* _Dataset excerpt_:
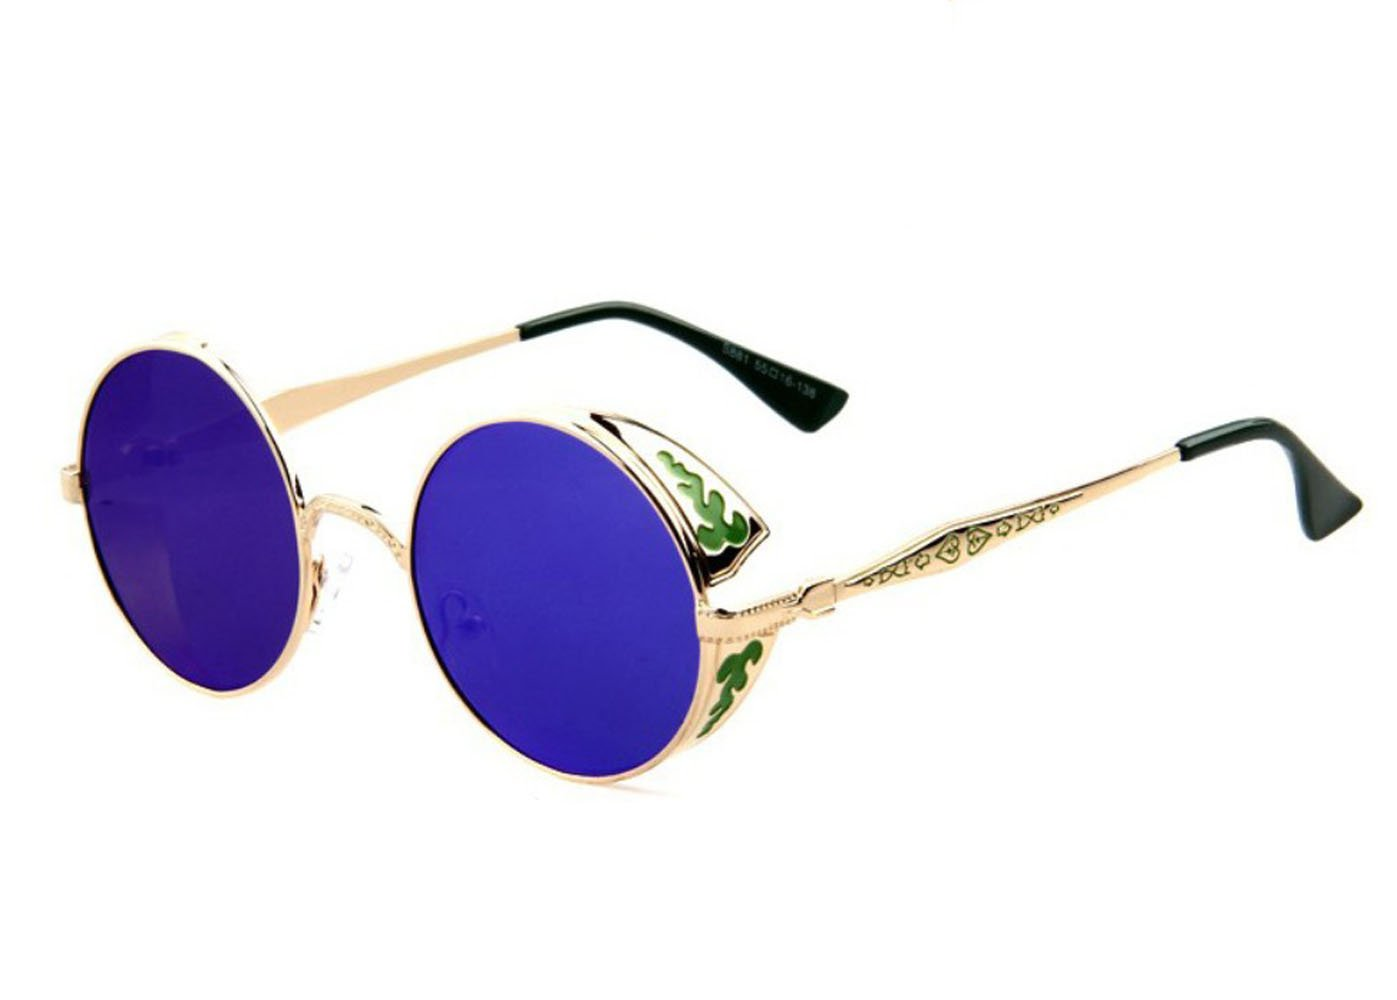 TELAM Telam Sunglasses, Vintage Retro Steampunk Gothic Round Sunglasses. Eyewear
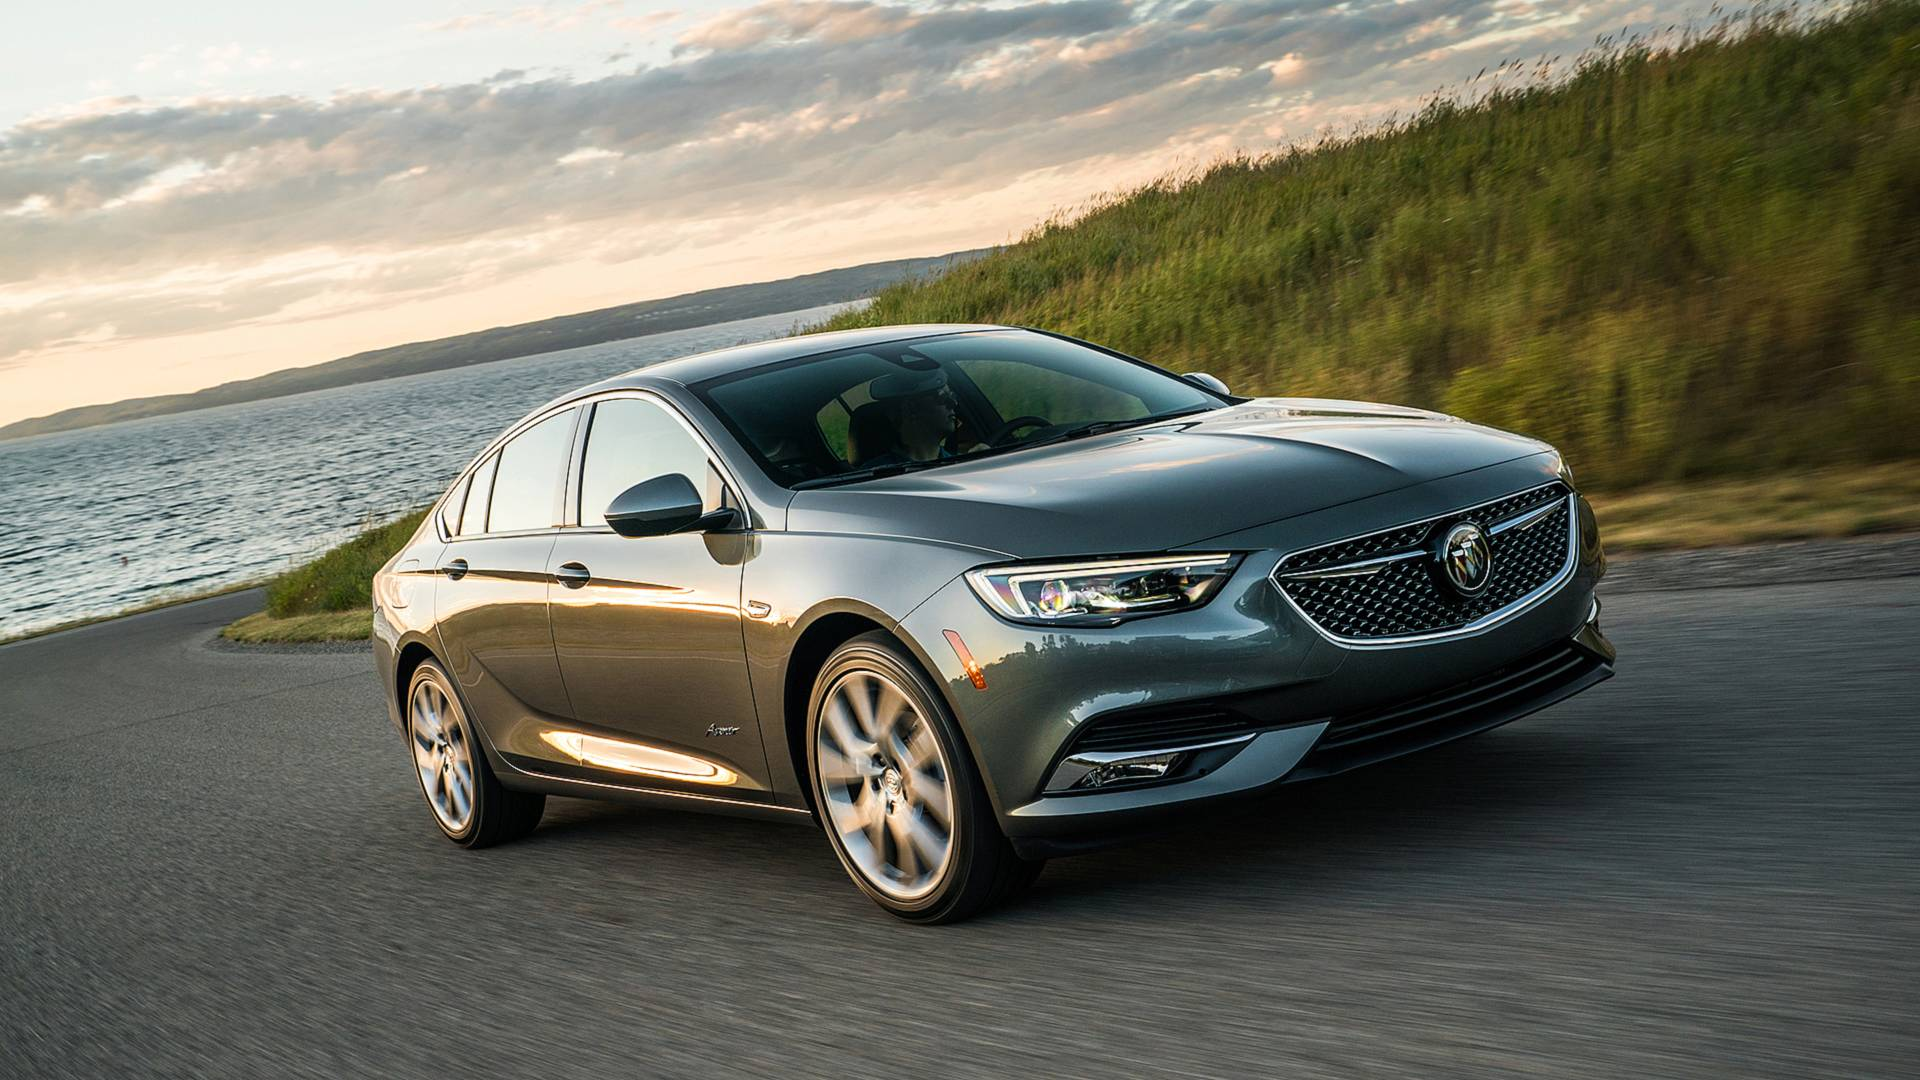 2019 Buick Regal Avenir Priced at $36,195 - autoevolution
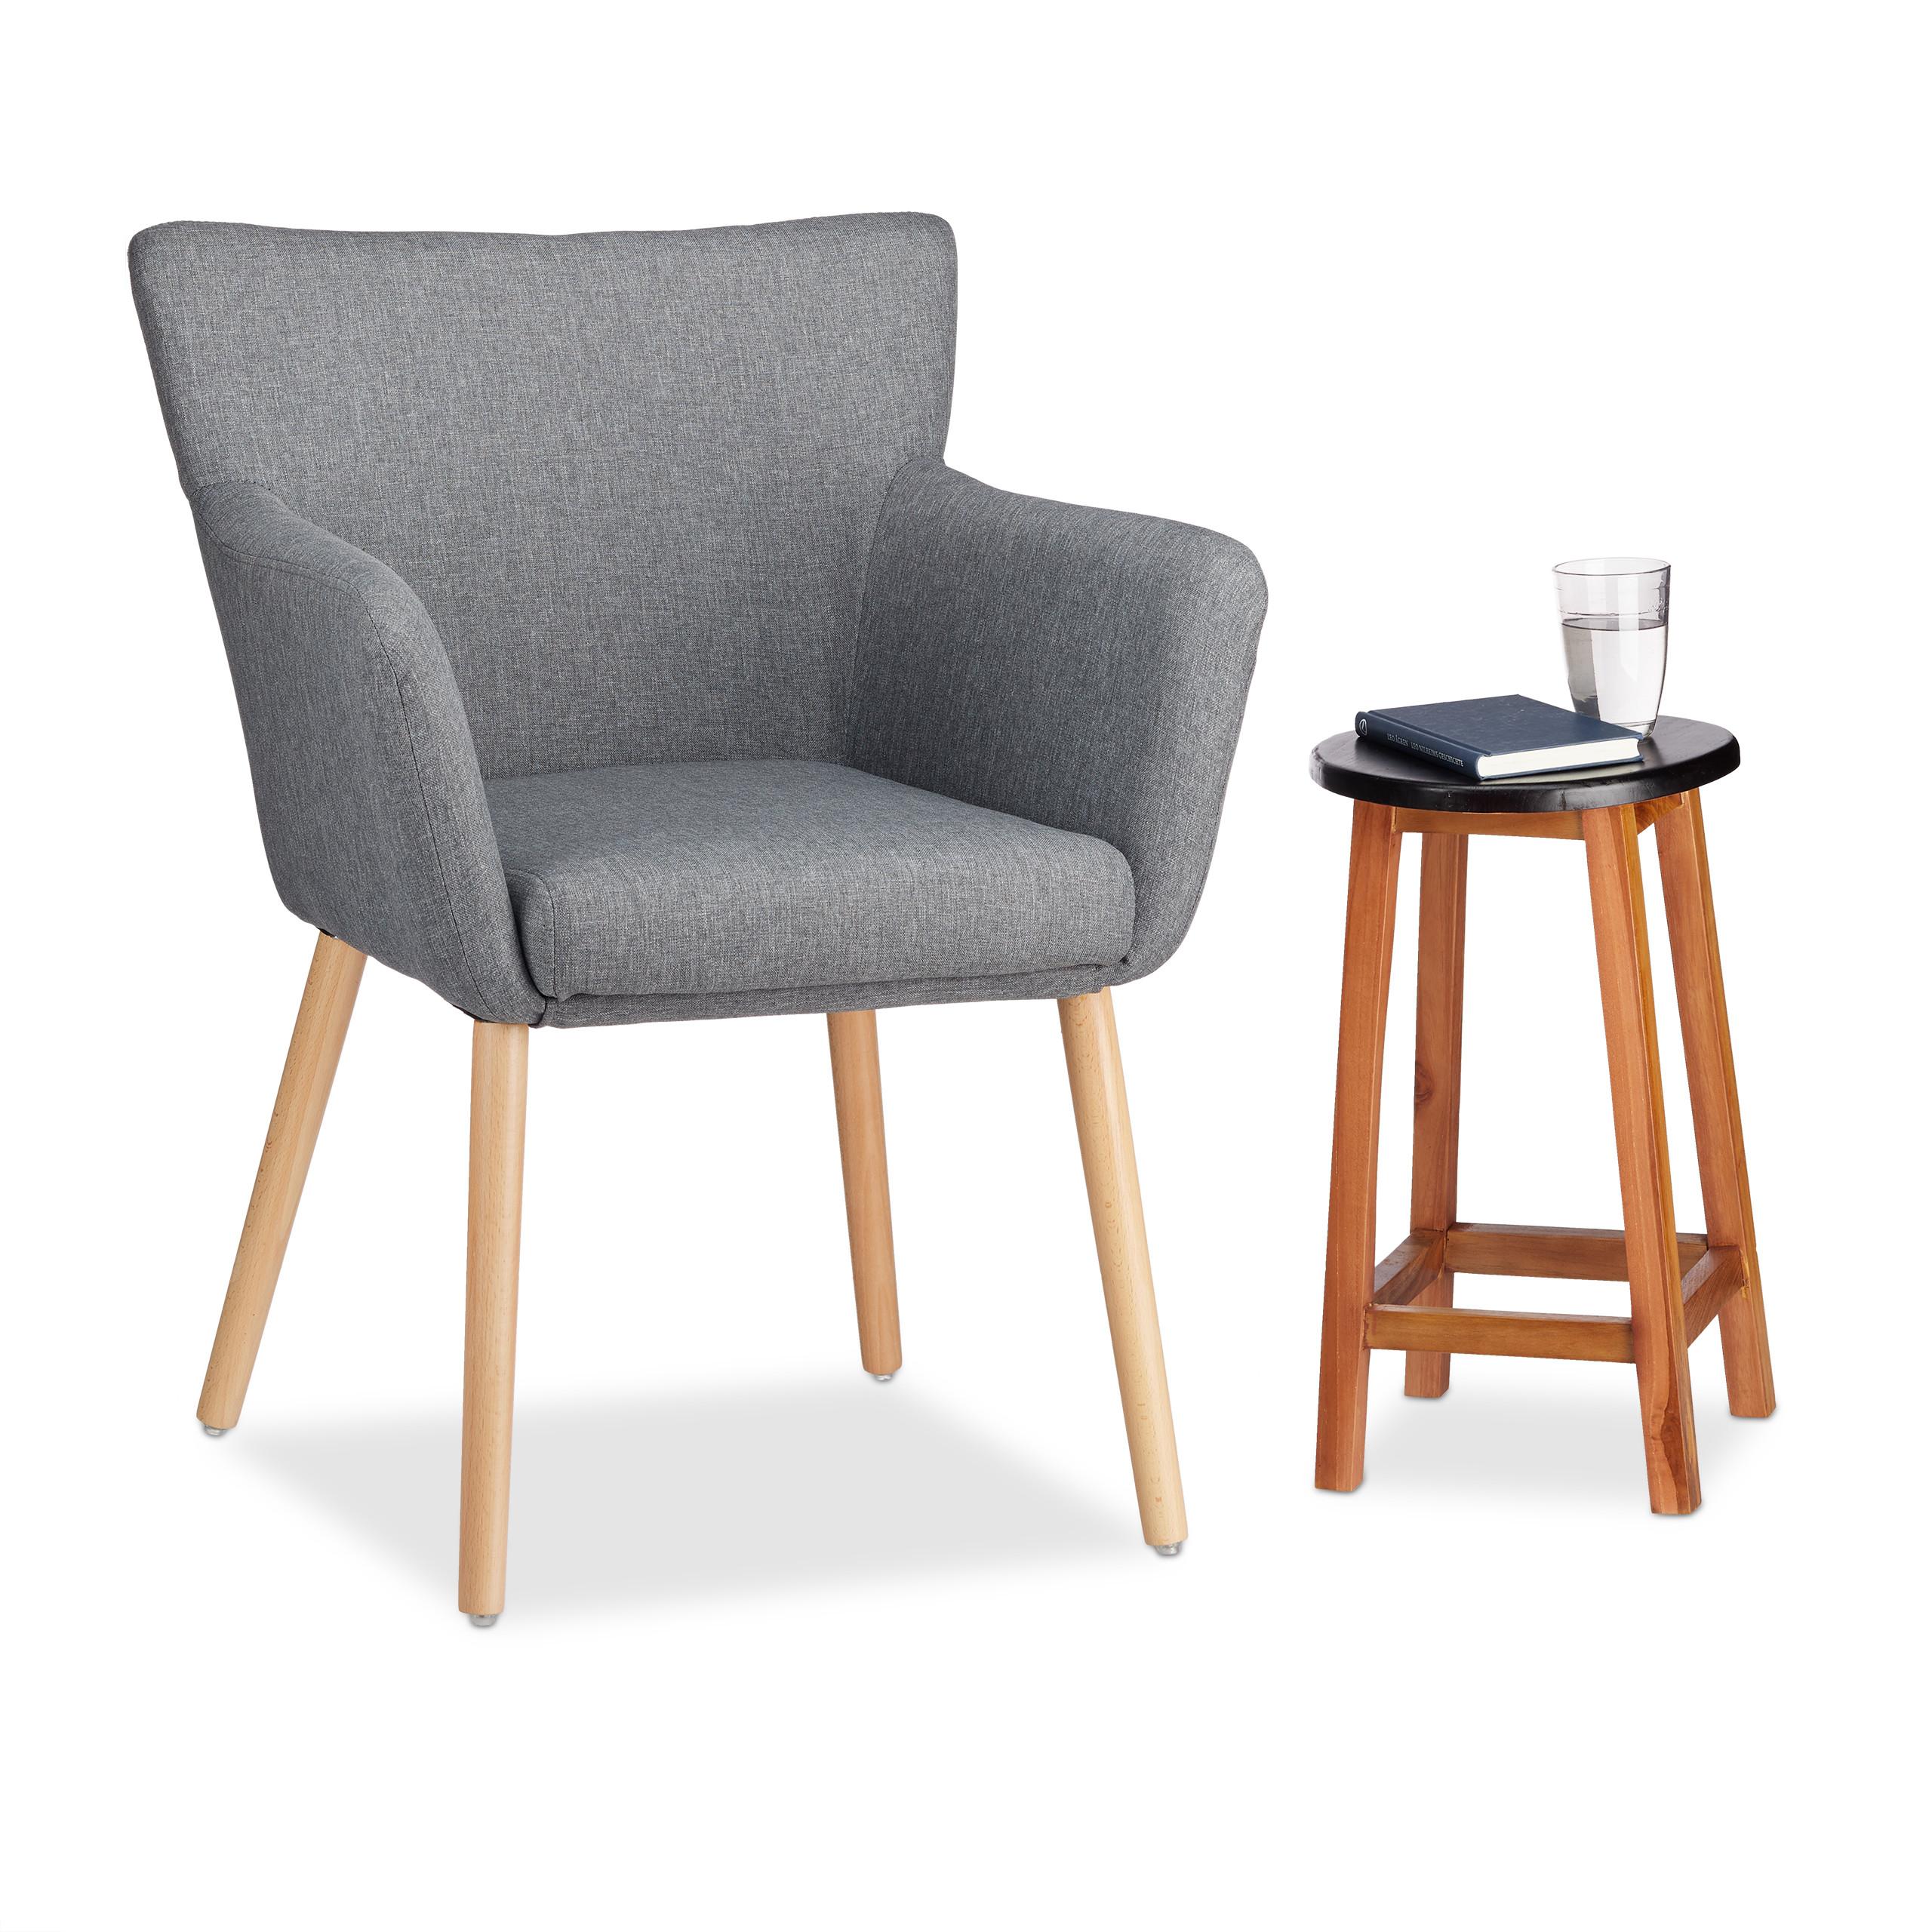 Upholstered Armchair, Modern Design, Fabric, Relaxing
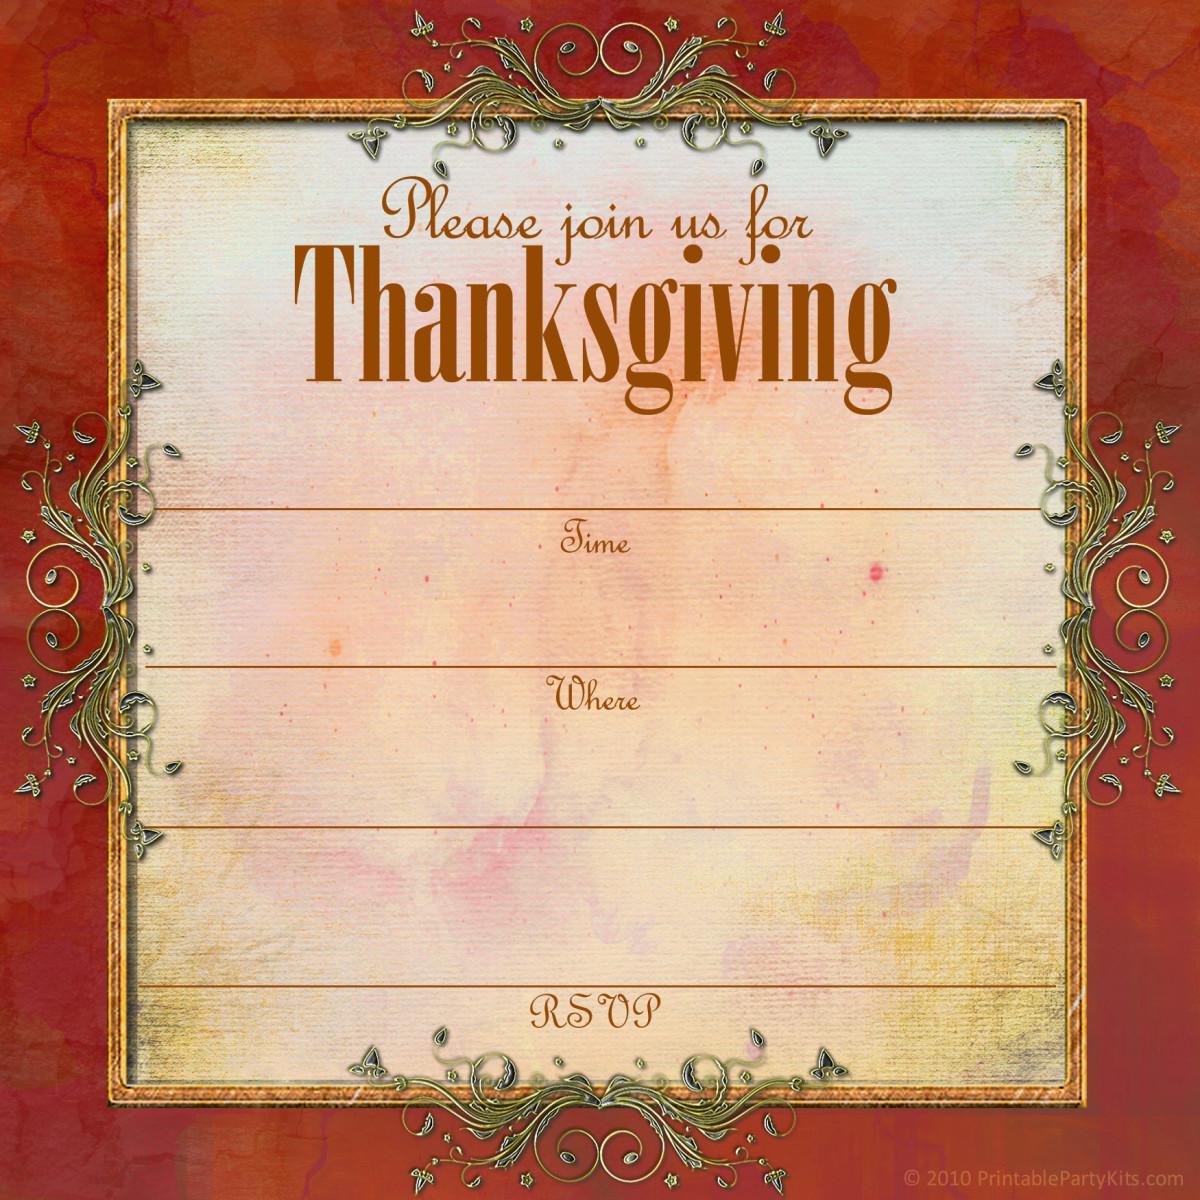 Ornate filigree Thanksgiving invitation template

* _Exercise_:
The full listing, transcribed exactly and without its pictures, is the expected result.

* _Exercise answer_:
 TELAM Telam Sunglasses, Vintage Retro Steampunk Gothic Round Sunglasses. Eyewear
 2019 Buick Regal Avenir Priced at $36,195 - autoevolution
 Upholstered Armchair, Modern Design, Fabric, Relaxing
 Ornate filigree Thanksgiving invitation template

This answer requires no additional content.